We've missed our treasured friends and beloved family back home, but we've found it easy to keep up on Skype.  And to make new friends - on a tropical island there is no room for stuffiness, just a lot of open arms and willingness to adopt a new family into island life.

We've missed, it's true, the hustle and bustle of central London - the night life, the culture, the endless events and activities.  But the slower pace of life has left us with plenty of time to enjoy quality time together.  Walks along deserted beaches have replaced dodging the crowds on the South Bank.  And we enjoy what events do happen here all the more for it.  Instead of queuing for the latest trendy London restaurant, we can pop into any number of local places here and tuck into the same always-delicious fish tacos and conch fritters.
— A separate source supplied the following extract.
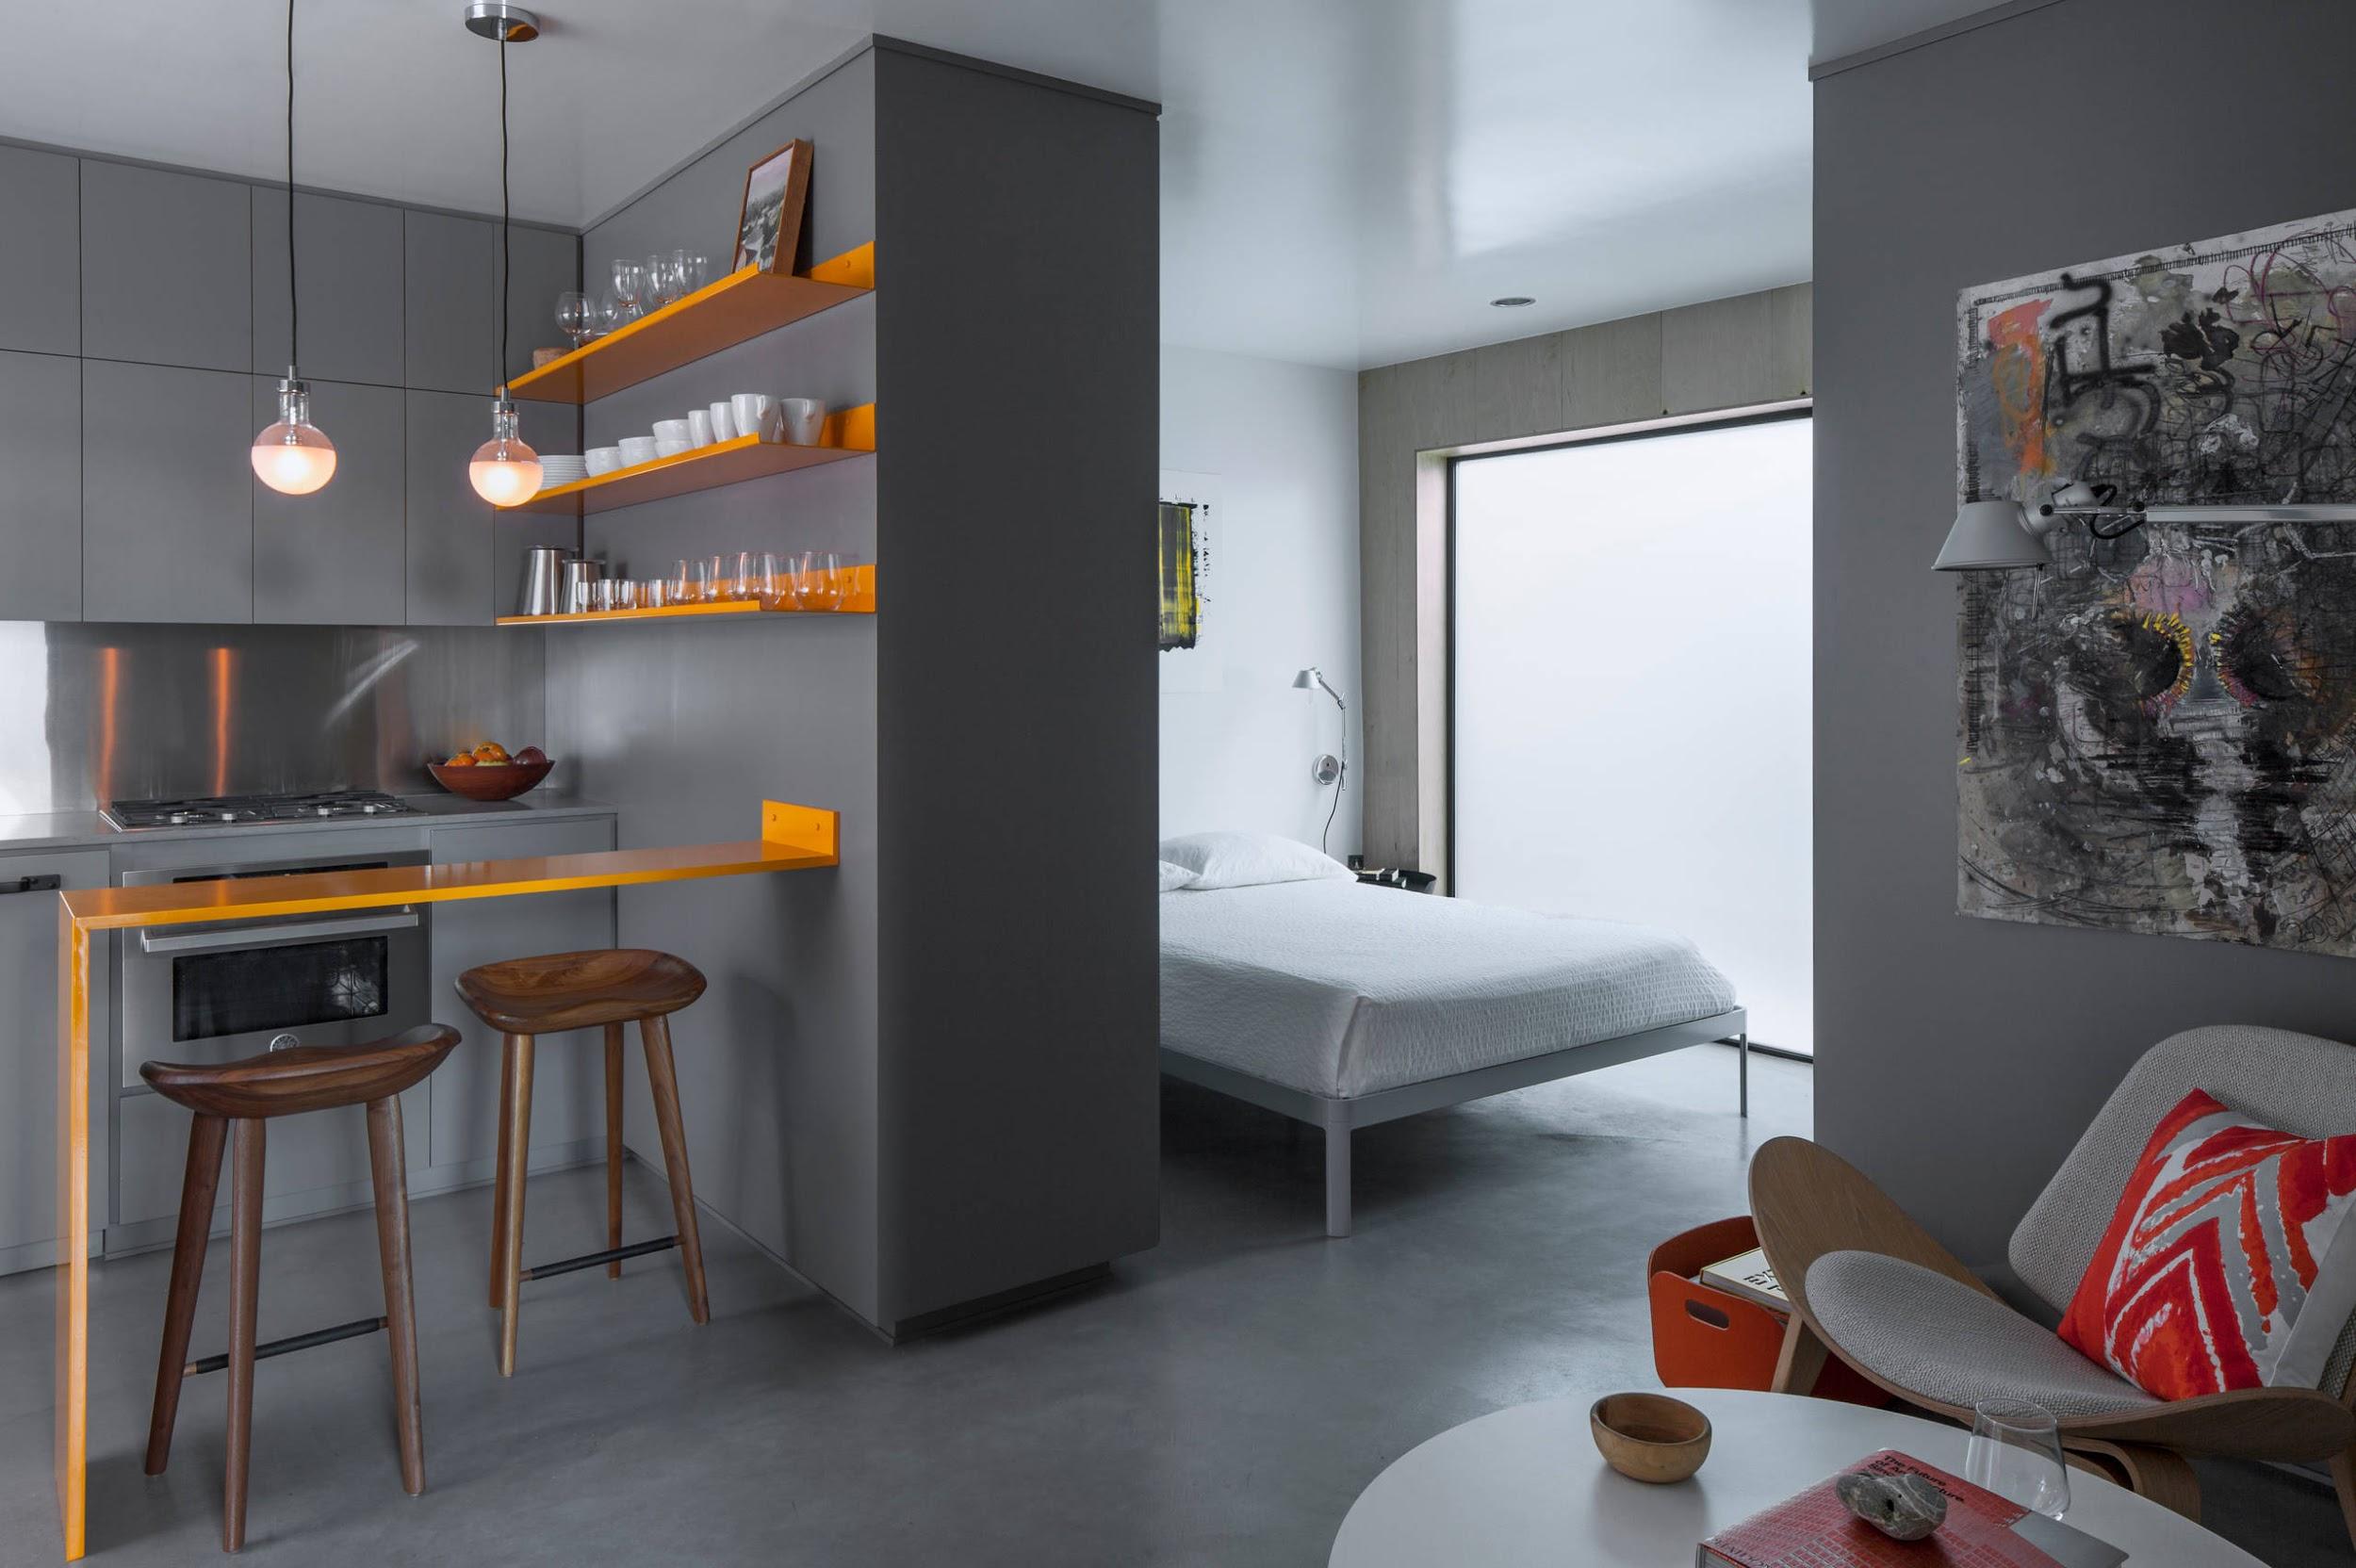 Современный стиль в квартирном дизайне: фото и особенности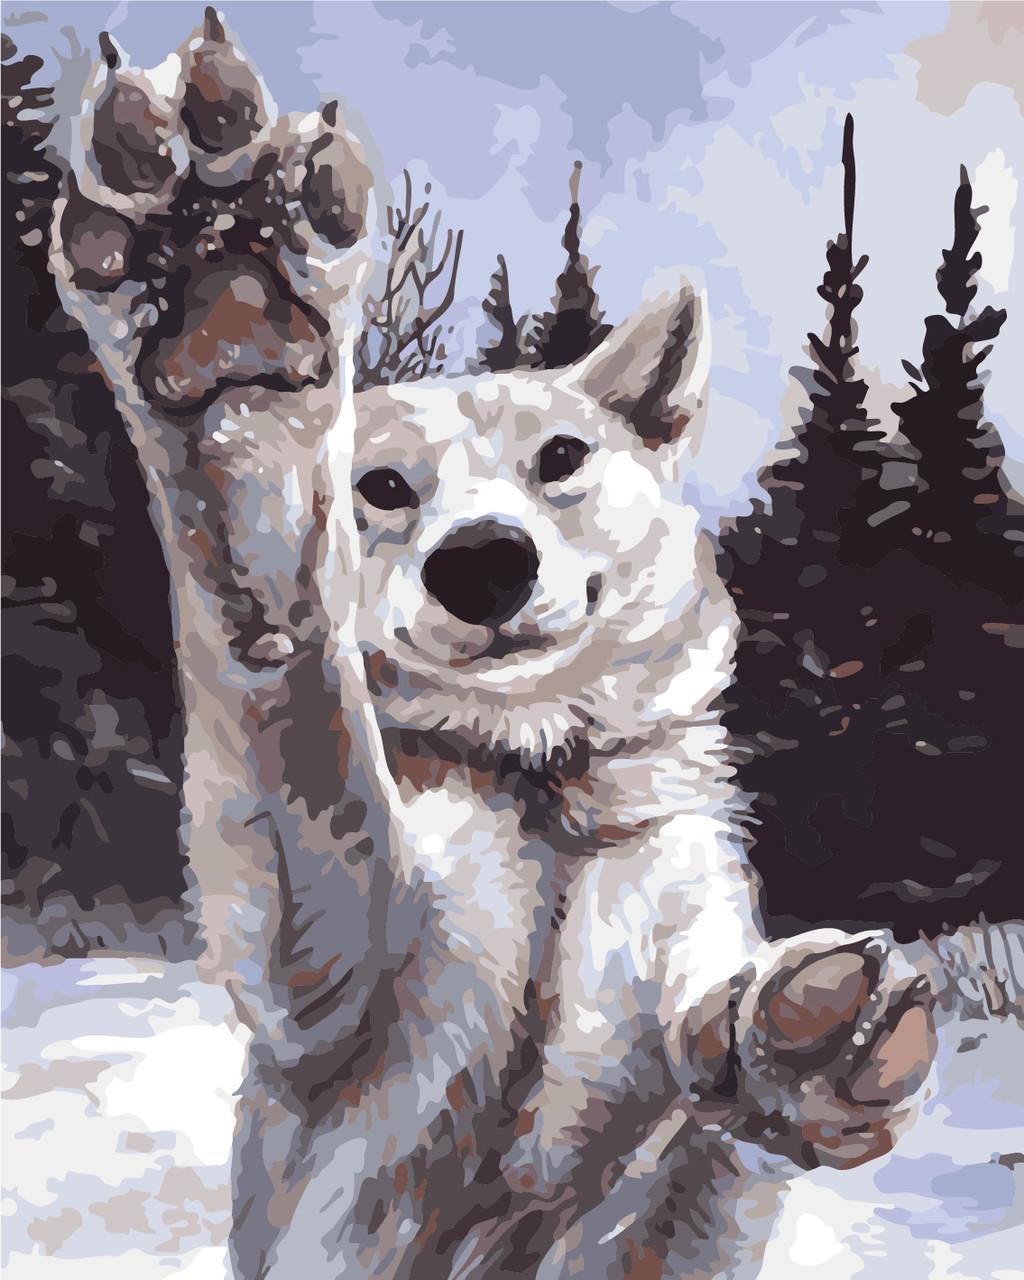 Картина рисование по номерам ArtStory Хочу играть 40х50см AS0284 набор для росписи, краски, кисти, холст

I've learned that, contrary to my first fears, I'm actually pretty self-reliant.  I've cared for The Boy singlehandedly for five months, including a week where I was flat out with 'flu and several days when he turned into a terrible toddler tyrant from the seventh circle of Hell.  I've managed my own mental health fairly well too, which is a relief as mental healthcare out here in the Caribbean is fairly minimal.

But I'm looking forward to getting back to our local community in London, where help is never far away and where Grandparents, albeit not on the doorstep, can at least visit without having to book transatlantic flights.

I think we will come home with a much greater appreciation for our home, and friends, and general way of life.  I hope we can bring home some new Caribbean habits - the "what does it matter?" mindset and a disregard for both materialism and consumerism.  

Plus lots and lots of rum cocktails, of course.